A complete sample of 21-cm absorbers at z~1.3: Giant Metrewave Radio Telescope Survey Using MgII Systems

Abstract

We present the results of a systematic Giant Metrewave Radio Telescope (GMRT) survey of 21-cm absorption in a representative and unbiased sample of 35 strong MgII systems in the redshift range: zabs~1.10-1.45, 33 of which have Wr>1 . The survey using ~400hrs of telescope time has resulted in 9 new 21-cm detections and stringent 21-cm optical depth upper limits (median 3-sigma optical depth per 10 km/s of 0.017) for the remaining 26 systems. This is by far the largest number of 21-cm detections from any single survey of intervening absorbers. Prior to our survey no intervening 21-cm system was known in the above redshift range and only one system was known in the redshift range 0.7<z<1.5. We discuss the relation between the detectability of 21-cm absorption and various properties of UV absorption lines. We show that if MgII systems are selected with the following criteria, MgII doublet ratio <1.3 and Wr(MgI)/Wr(MgII)>0.3, then a detection rate of 21-cm absorption up to 90% can be achieved. We estimate n21, the number per unit redshift of 21-cm absorbers with Wr(Mg(II)>Wo and integrated optical depth Tau21>Tauo and show that n21 decreases with increasing redshift. In particular, for Wo=1.0 and Tauo>0.3 km, n21 falls by a factor 4 from <z>=0.5 to <z>=1.3. The evolution seems to be stronger for stronger MgII systems.
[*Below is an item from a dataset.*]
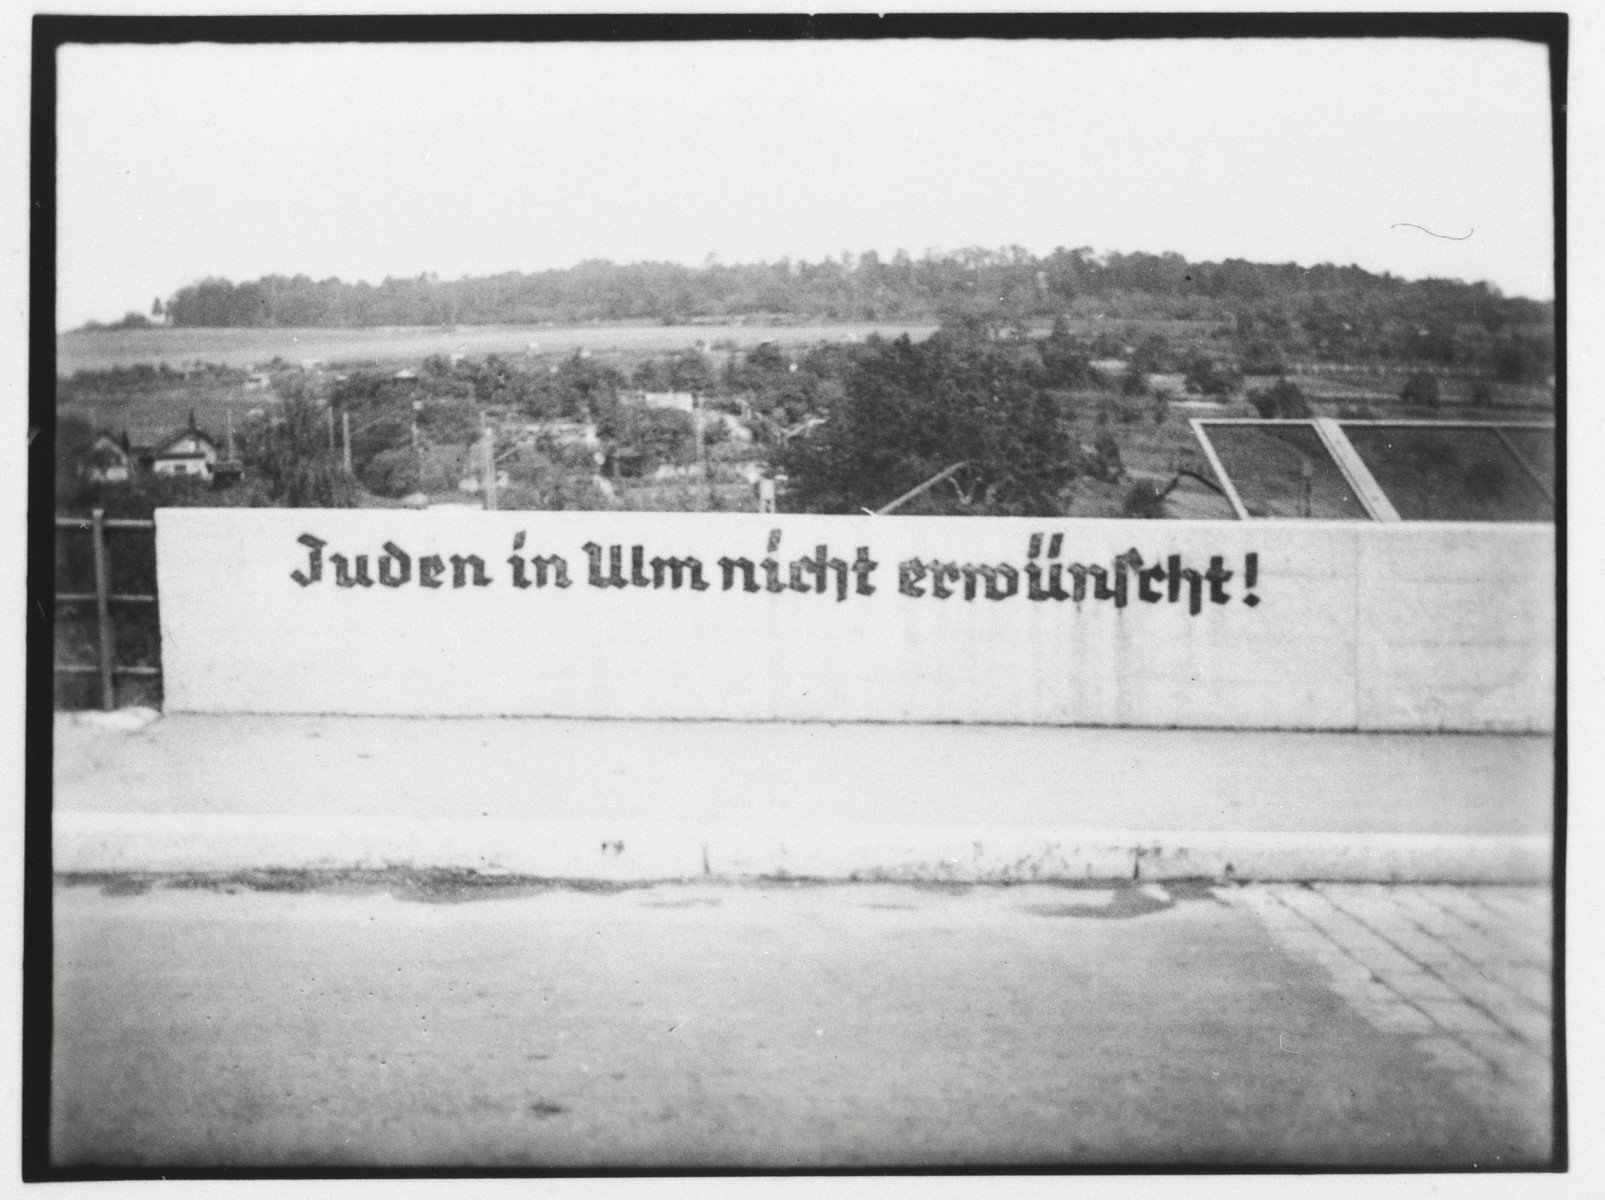 View of a sign painted on the Stuttgarter Strasse bridge in Ulm reading "Jews are not desireable in Ulm".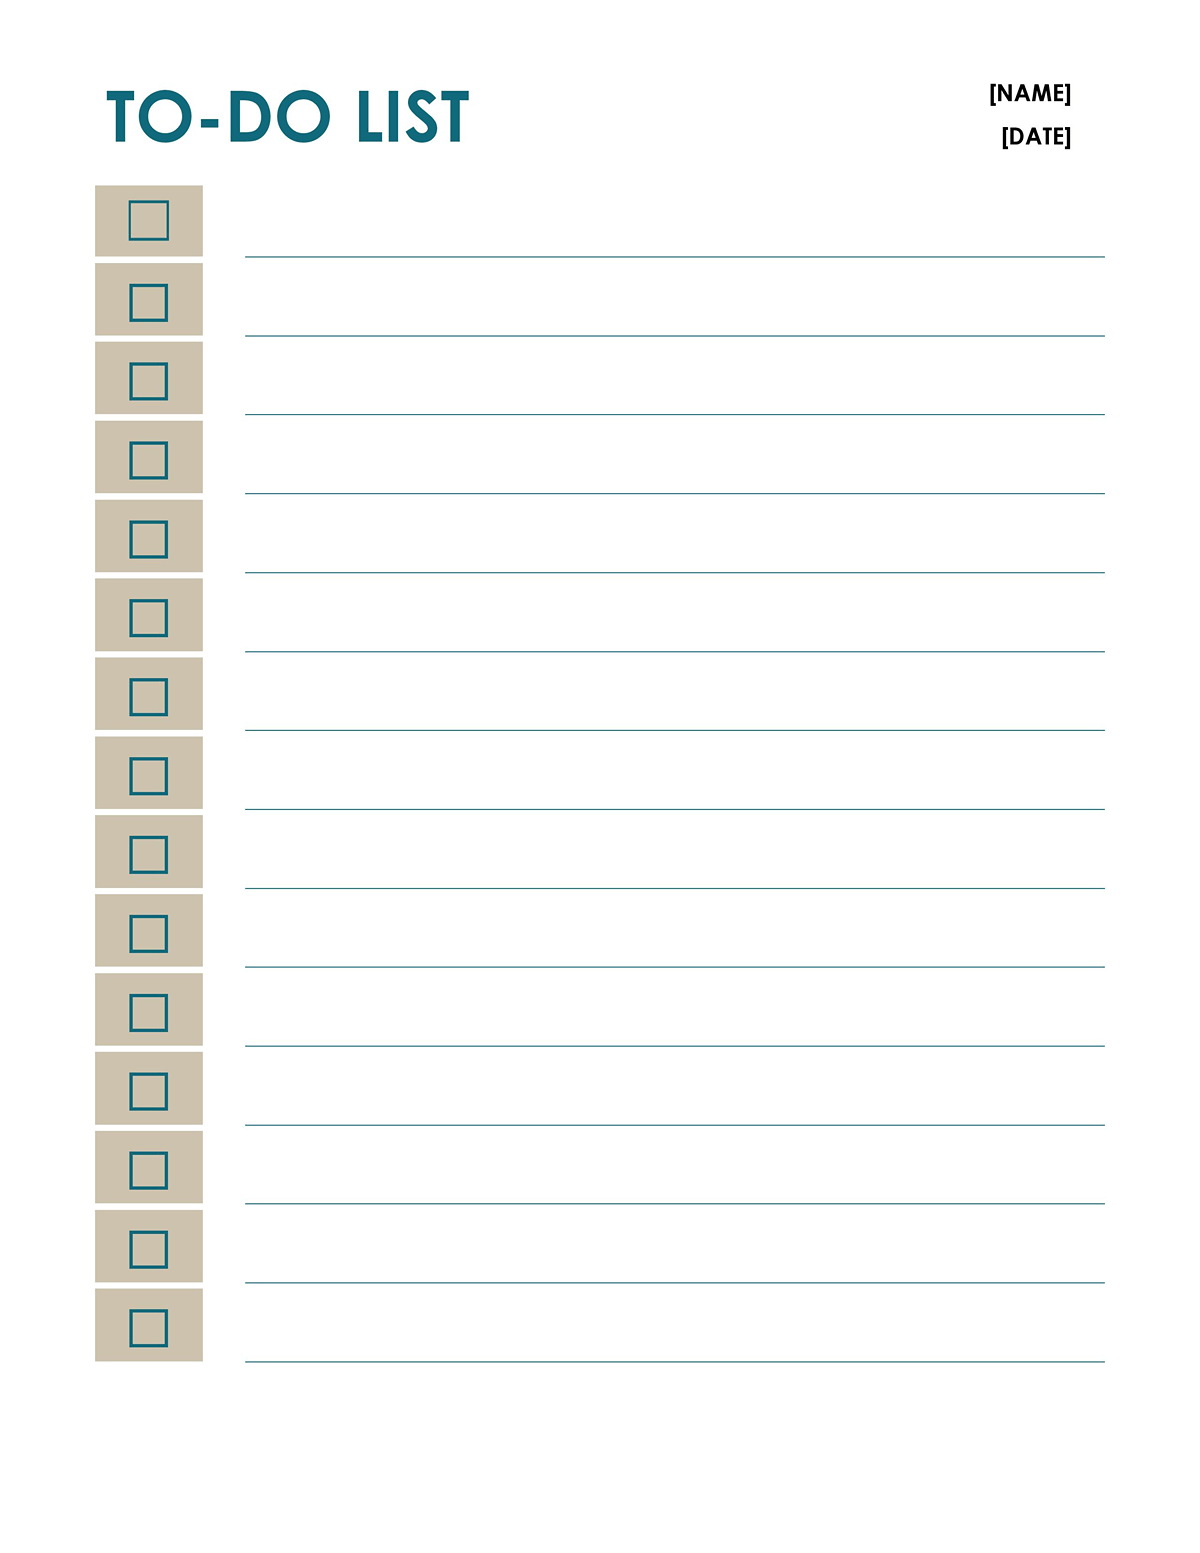 Word Document To Do List - Free Download

Using a subsample of systems for which high frequency VLBA images are available, we show that the effect is not related to the structure of the background radio sources and is most probably due to the evolution of the cold neutral medium filling factor in MgII systems. We find no correlation between the velocity spread of the 21-cm absorption feature and Wr(MgII) at z~1.3.